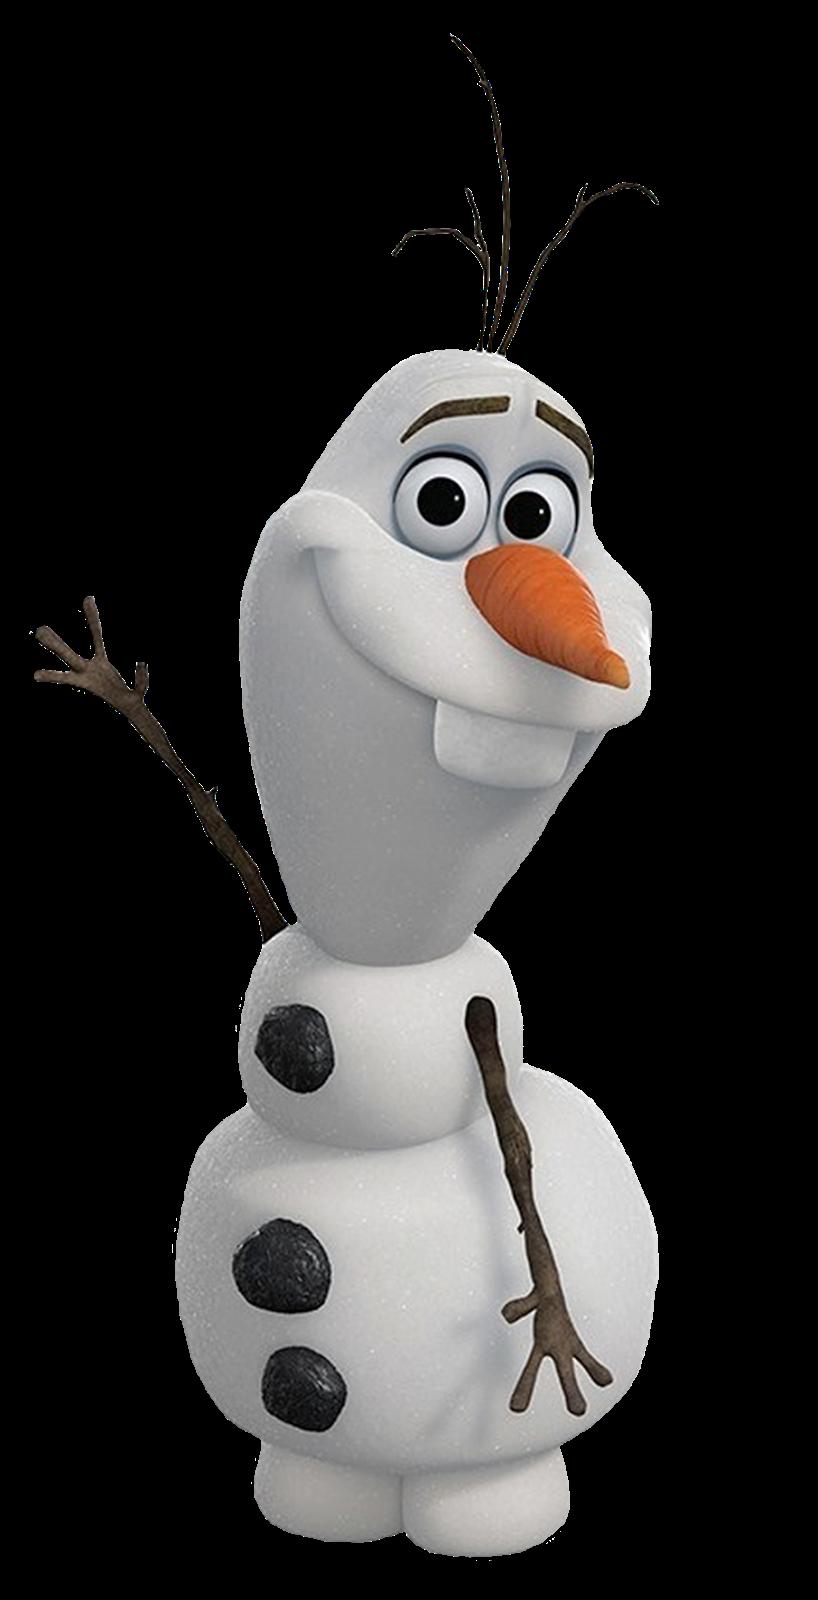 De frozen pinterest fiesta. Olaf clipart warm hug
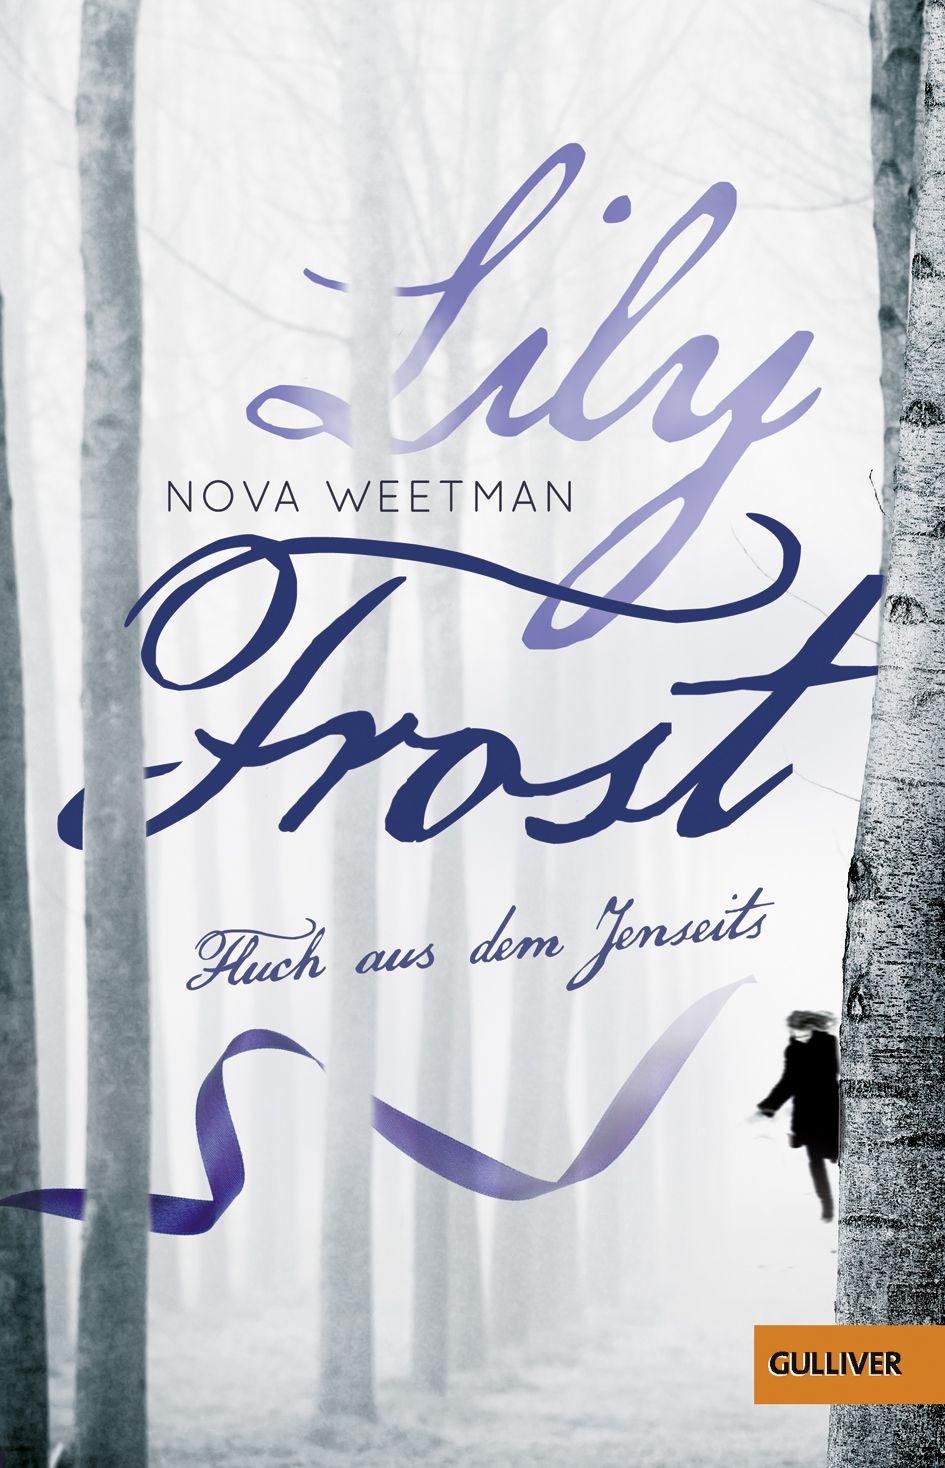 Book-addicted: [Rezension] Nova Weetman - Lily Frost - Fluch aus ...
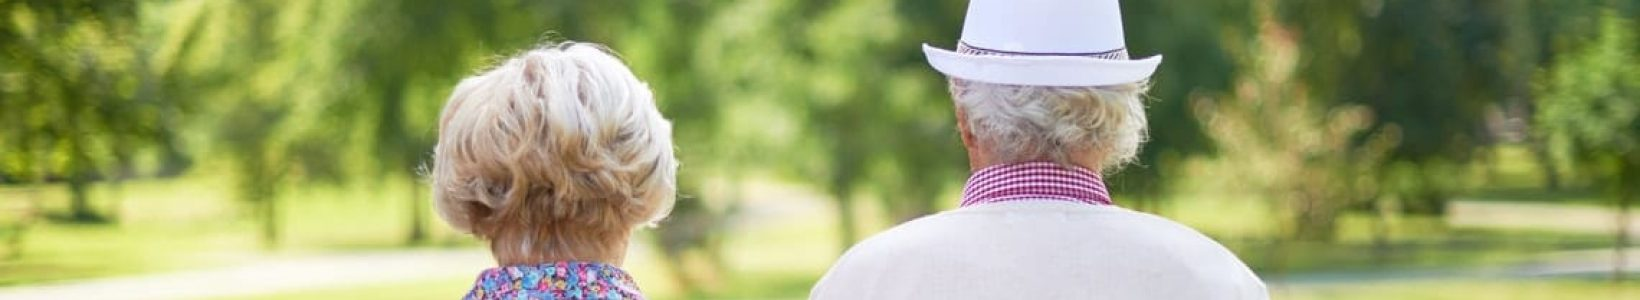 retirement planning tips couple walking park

§ TASK REQUIREMENTS: Repeat every line of the data above exactly, but drop the pictures.

§ ANSWER SPACE:
 De frozen pinterest fiesta. Olaf clipart warm hug
 Book-addicted: [Rezension] Nova Weetman - Lily Frost - Fluch aus ...
 retirement planning tips couple walking park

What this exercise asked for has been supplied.